For any picture in the lines below, please leave it out and copy the rest exactly.
(Supplied material)
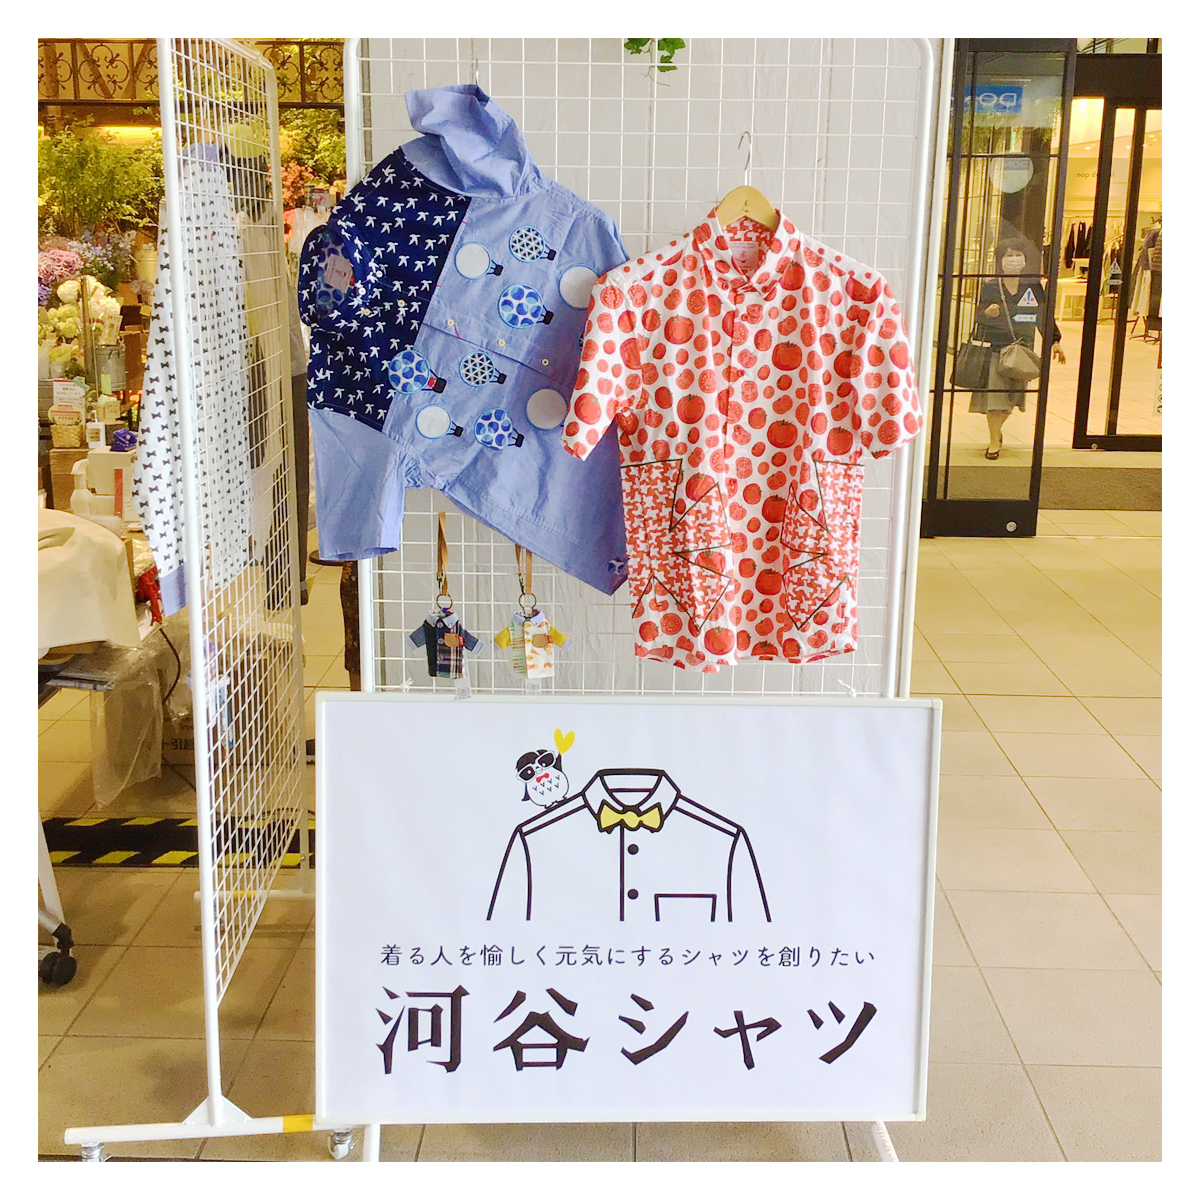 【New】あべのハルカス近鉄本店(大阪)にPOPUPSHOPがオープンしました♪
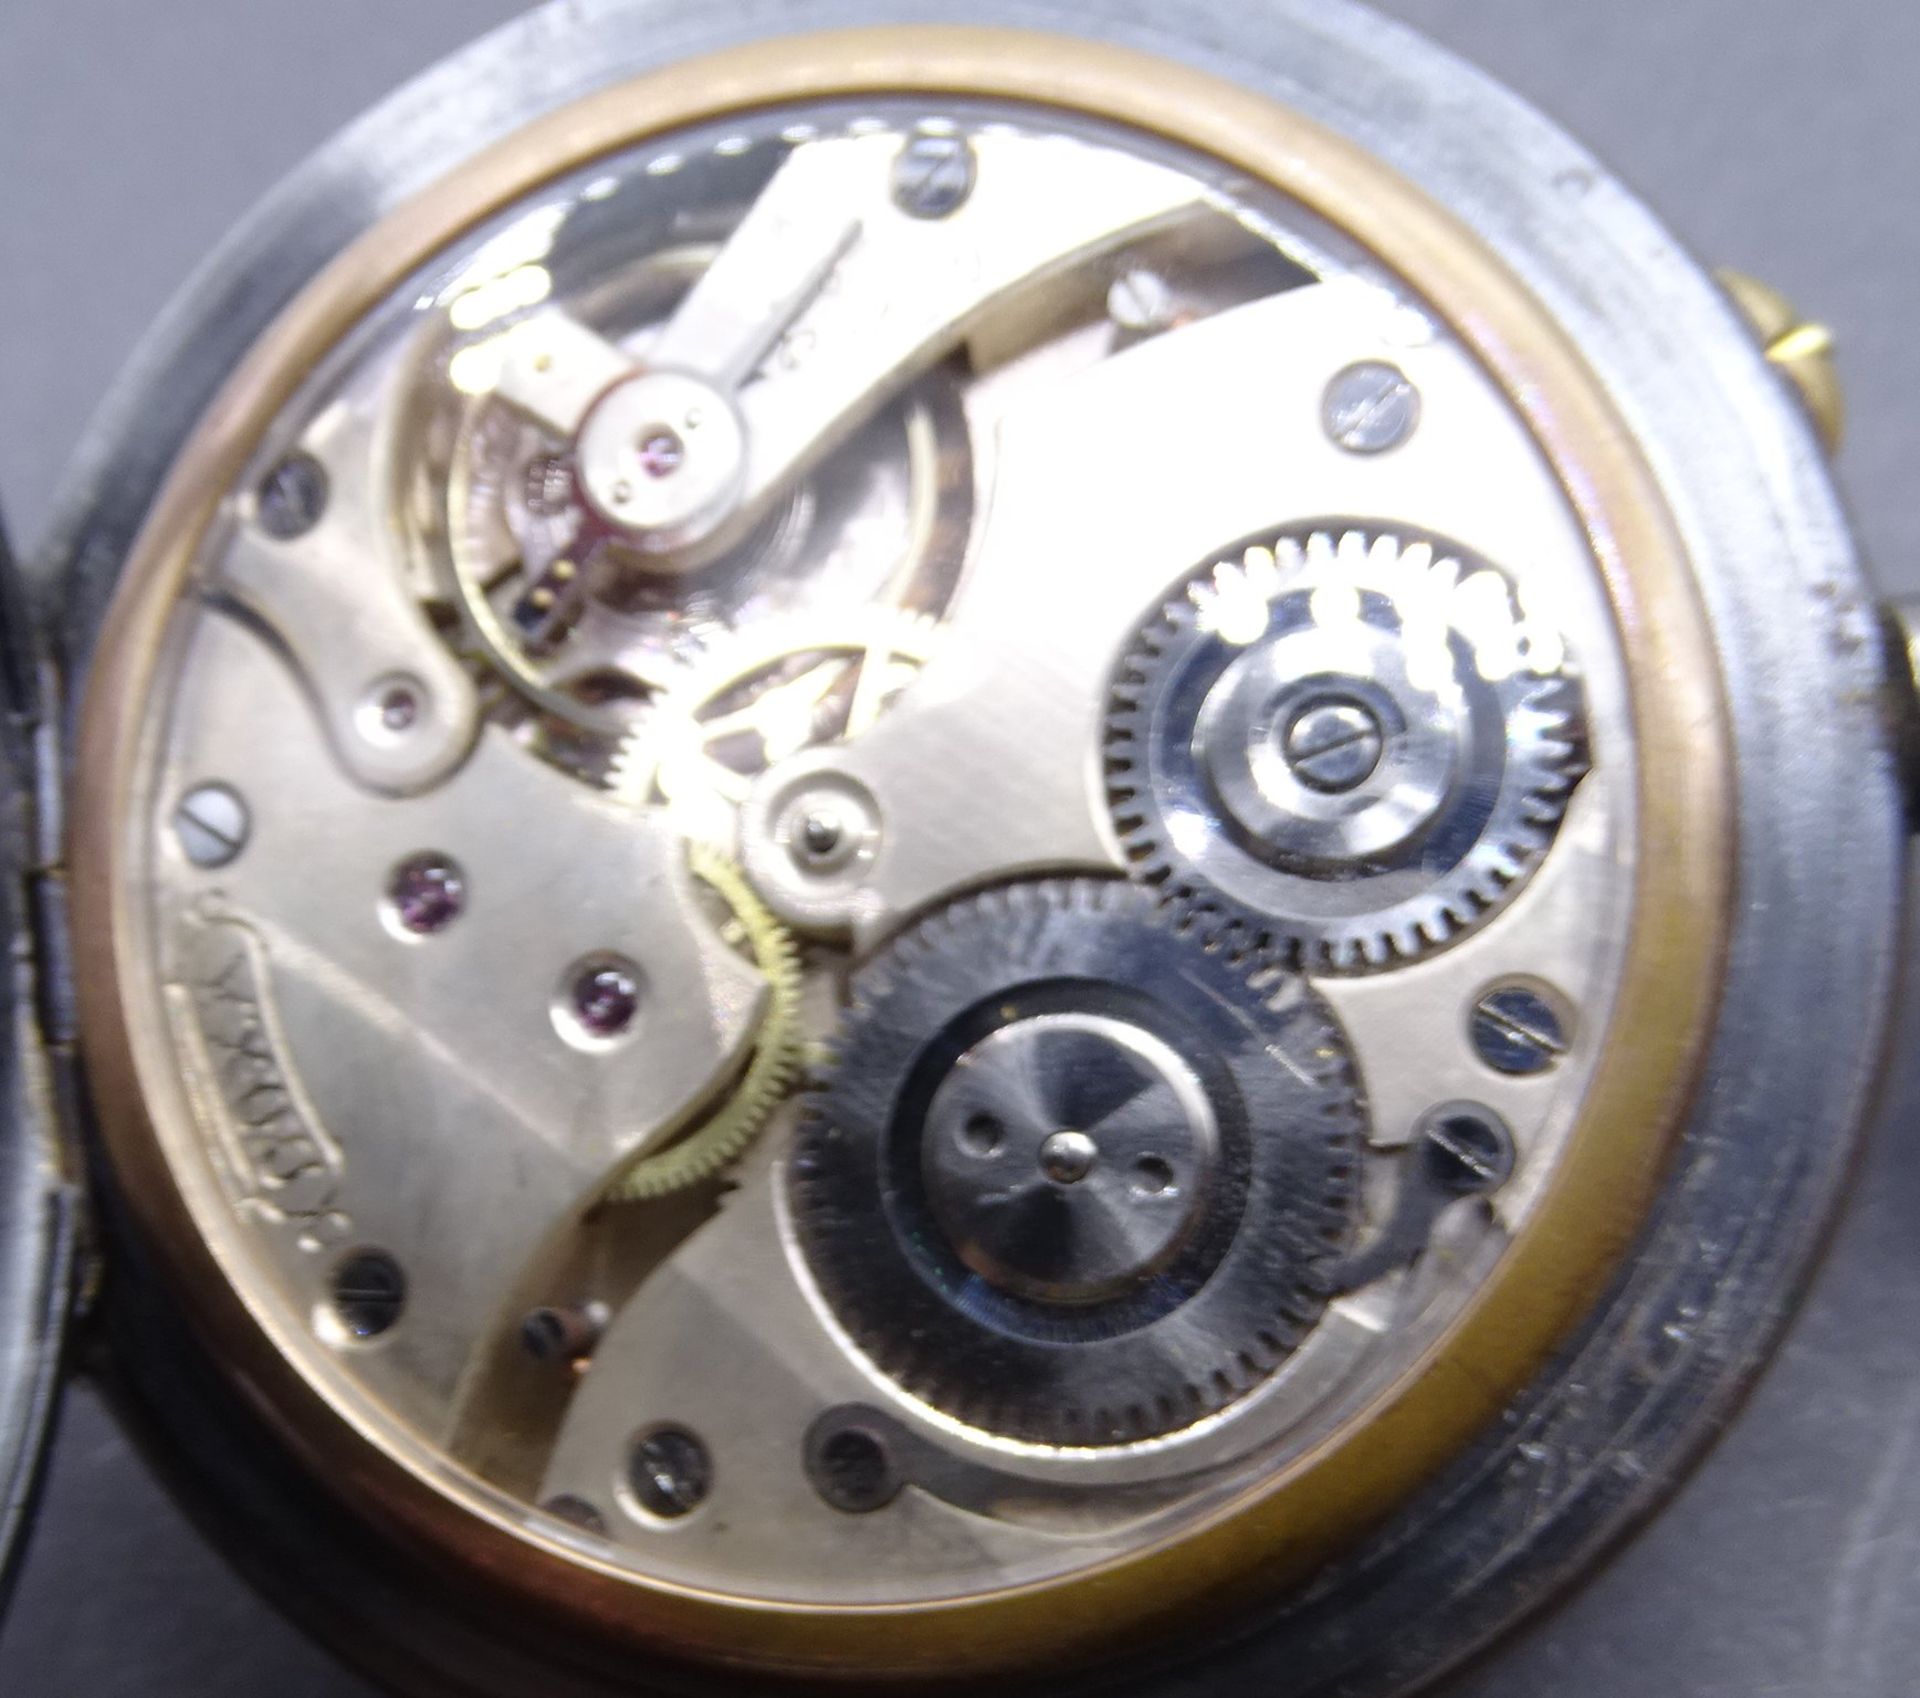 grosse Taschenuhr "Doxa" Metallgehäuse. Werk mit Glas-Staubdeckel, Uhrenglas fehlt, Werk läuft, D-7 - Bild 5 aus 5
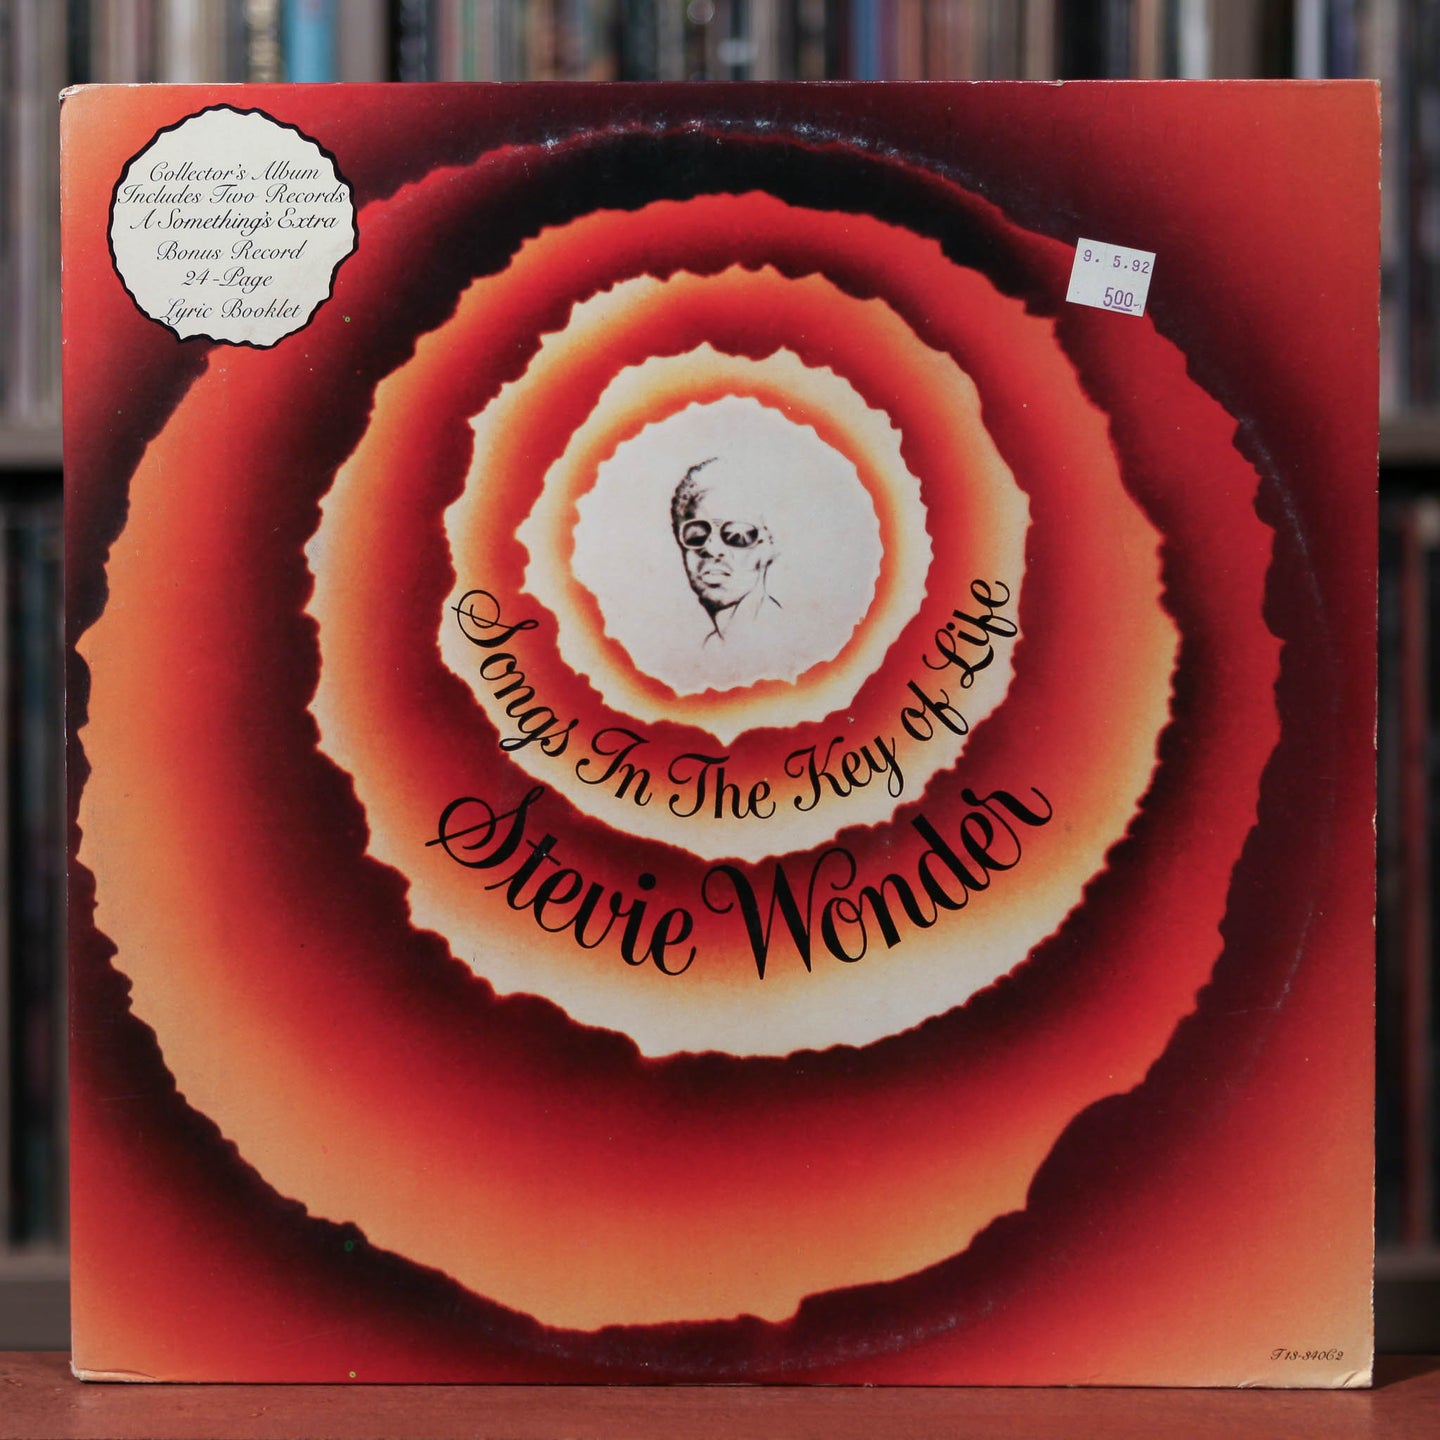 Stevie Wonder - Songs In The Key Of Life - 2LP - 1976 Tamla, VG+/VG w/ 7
(End Supplied material)
Result of this task:
 【New】あべのハルカス近鉄本店(大阪)にPOPUPSHOPがオープンしました♪
 grosse Taschenuhr "Doxa" Metallgehäuse. Werk mit Glas-Staubdeckel, Uhrenglas fehlt, Werk läuft, D-7 - Bild 5 aus 5
 Stevie Wonder - Songs In The Key Of Life - 2LP - 1976 Tamla, VG+/VG w/ 7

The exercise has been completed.